На глаза неожиданно навернулись слёзы. Сам не ожидал, что так привяжусь к этой девахе. Если спустя две недели меня до сих пор трясёт от смеси горя и злобы, то можно представить, что я почувствовал, когда той ночью её тащили за ноги по полю.
В ту ночь проснулся от взрыва гранаты. По лесу ещё носило эхо, когда осознал, что Нади рядом нет, а в стороне, где ночуют фашисты, стреляют.
До танков оставалось пол километра, когда её пробитое пулями тело осело посреди немецкой стоянки.
Сколько могла убить девчонка, недавно узнавшая, что такое смерть родных? Комсомолка Надежда Кувшинова убила троих и ещё четверо были ранены осколками.
Я скрежетал зубами, увидев как солдат переворачивает её пинком сапога.
Господи. Глупая, какая же ты глупая. Вот зачем ты просила показать устройство автомата. ТТ тебе наверное показывал отец и может быть учил стрелять. Дождалась, когда усну, взяла гранату, автомат с пистолетом и пошла мстить.
Ничего Надюшка, сейчас они успокоятся, лягут спать и я завершу начатое тобой.
***
Пётр накручивал педали торопясь в село. Он был вынужден пообещать фельдфебелю привезти лучшего краснодеревщика в округе к завтрашнему утру. Теперь, когда свояк отказал, надо ехать к заречным, искать Кондакова и молиться богу, чтобы этот алкаш был дома и, что важнее, не в запое.
Съехав с тропинки на дорогу ведущую к мосту, Кошкин вдруг остановился.
Он вспомнил. Во дворе висела рубашка, которую дарила его покойная жена своему племяннику Степану, старшему внуку Константина.
А это значит что? Или — от комуняк вернулся их младший — Илья. Или, у Ковалевича скрывается кто-то другой. Хмм. Если с Кондаковым не получится, то это может помочь отвести от себя гнев господина Ноймана.
***
"Ничего себе! Свезло, так свезло". — Подумалось, когда встретил на лесной тропинке того самого гостя. Тот откуда-то возвращался, крутил потихонечку педальки и в ус не дул.
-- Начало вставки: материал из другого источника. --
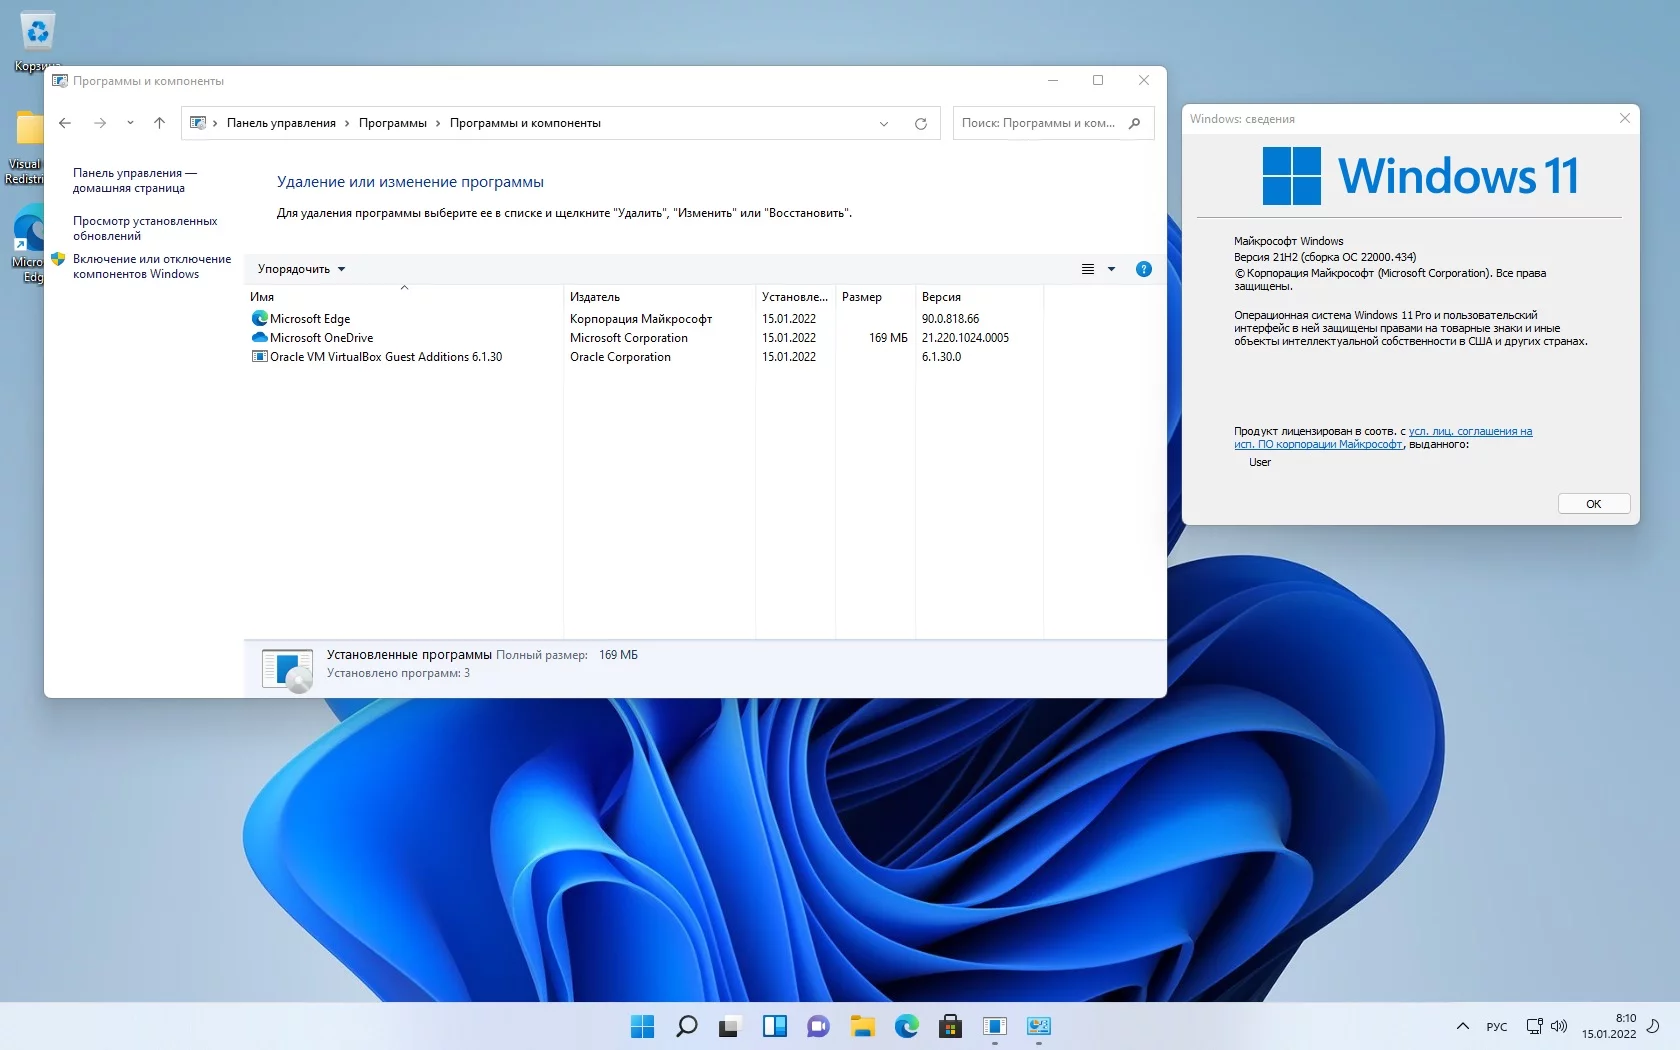 Windows 11 21Н2 (Build 22000.434) (20in1) (x64) by Sergei Strelec

А чё мне? В шею никто не гонит, возьму и прослежу, что за великий начальник по деревням работников ищет.
Прихрамывая, шустрил за велосипедистом до самой деревни. Так-то, наличие церкви и школы делало эти тридцать дворов селом, но так бедно всё выглядело, что просто жуть, а не село.
Прилёг за пригорком, сканируя по площади, а как стемнело, пошёл знакомиться ближе.
Я смотрел в окна сельсовета сквозь занавески и понимал, что не зря задержался. Застолье у Петра Игнатьевича с четырьмя местными мужиками было весьма познавательным.
Из их разговоров выходило, что по обе стороны от села проходили две наиважнейших транспортных артерии.
Брест‐Минск‐Москва. Шоссе и железная дорога, а также дороги их пересекающие. Тут не было транспортного узла, как такового, но этот населённый пункт был важен для контроля и безопасности участка большой протяжённости.
Повреждённые машины, танки, орудия шли в составах на запад, а на восток перебрасывали пополнение, новую технику, ГСМ и продовольствие.
Вот и засели здесь дядьки из вермахта с оружием и лопатами наготове. Выявляют вредителей и устраняют неисправности. Попутно обустраивают свой быт и развлекаются как могут.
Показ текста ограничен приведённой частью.